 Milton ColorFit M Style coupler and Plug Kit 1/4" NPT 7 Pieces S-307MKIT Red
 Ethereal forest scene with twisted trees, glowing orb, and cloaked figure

-----

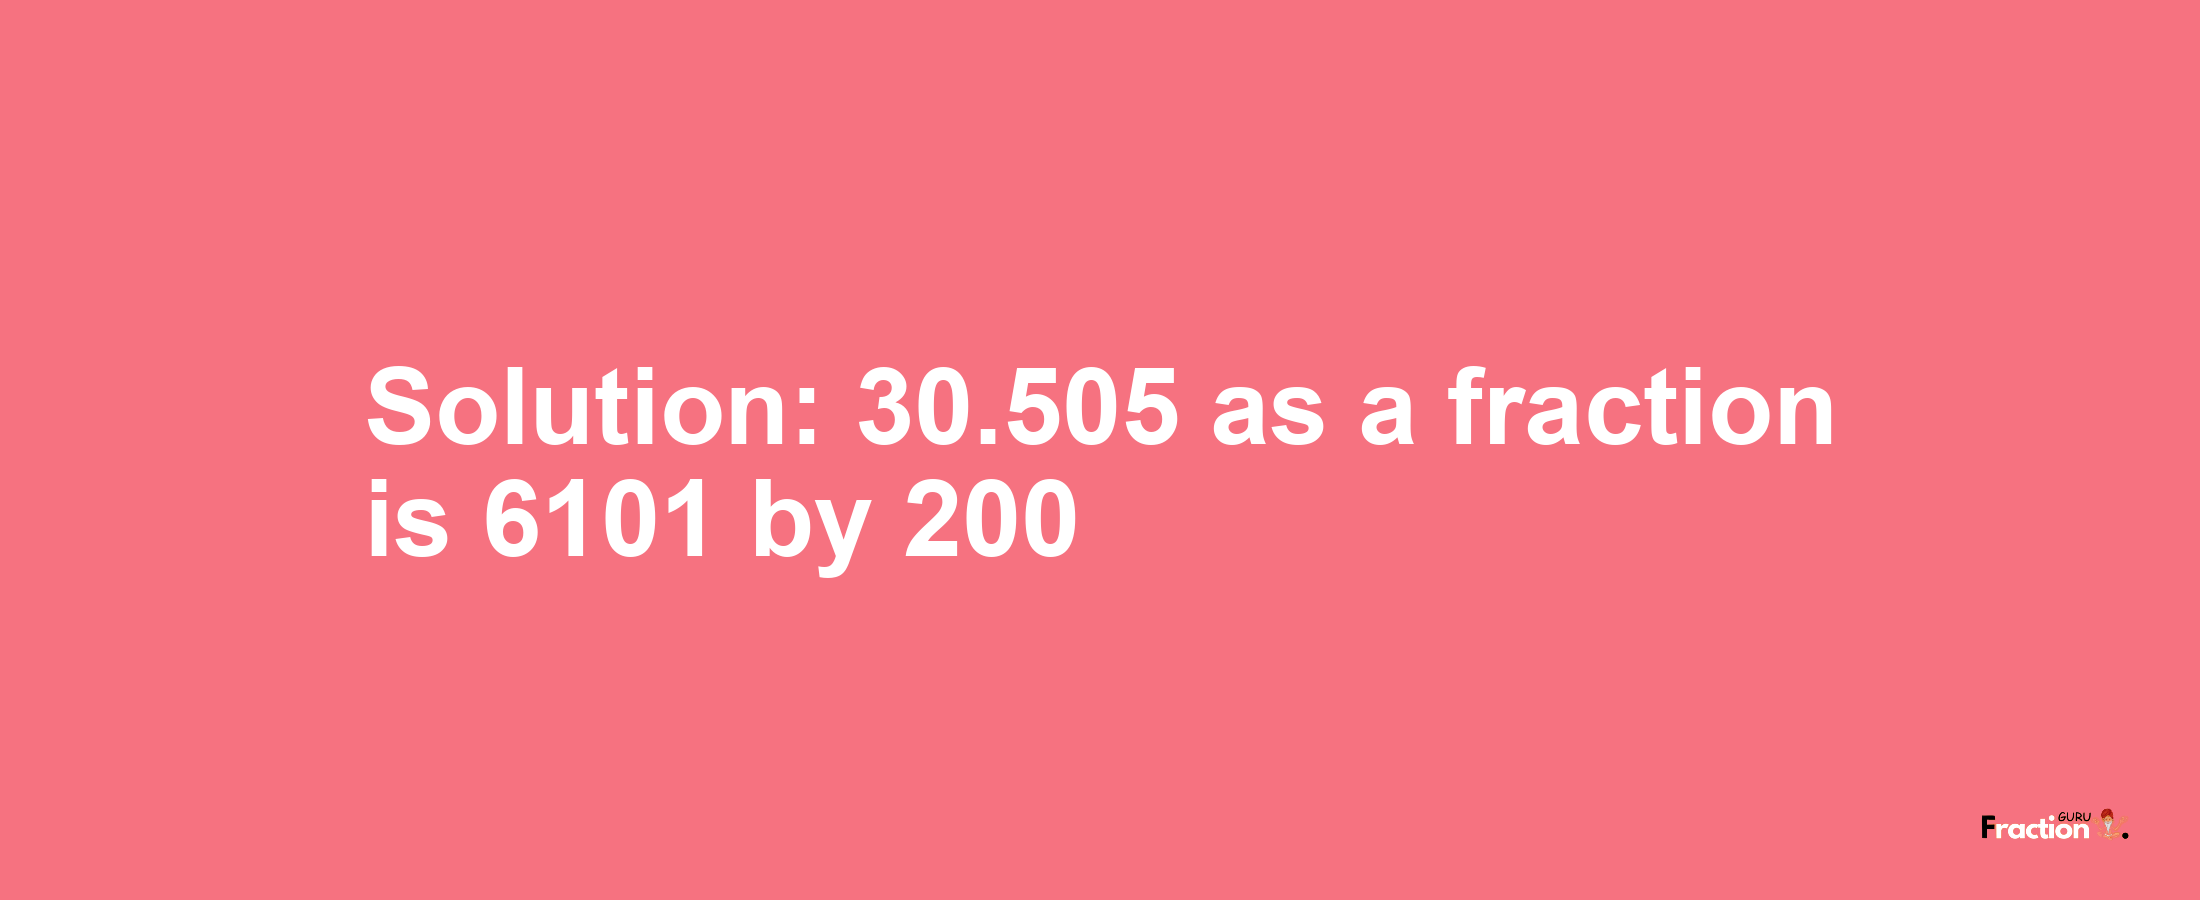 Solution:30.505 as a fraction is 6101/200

-----

▶ Exercise requirements:
Only the lines above from the line containing "Milton ColorFit M" through the line containing "Ethereal forest scene" should be retyped, exactly and with both ends included.

▶ The completed task:
 Milton ColorFit M Style coupler and Plug Kit 1/4" NPT 7 Pieces S-307MKIT Red
 Ethereal forest scene with twisted trees, glowing orb, and cloaked figure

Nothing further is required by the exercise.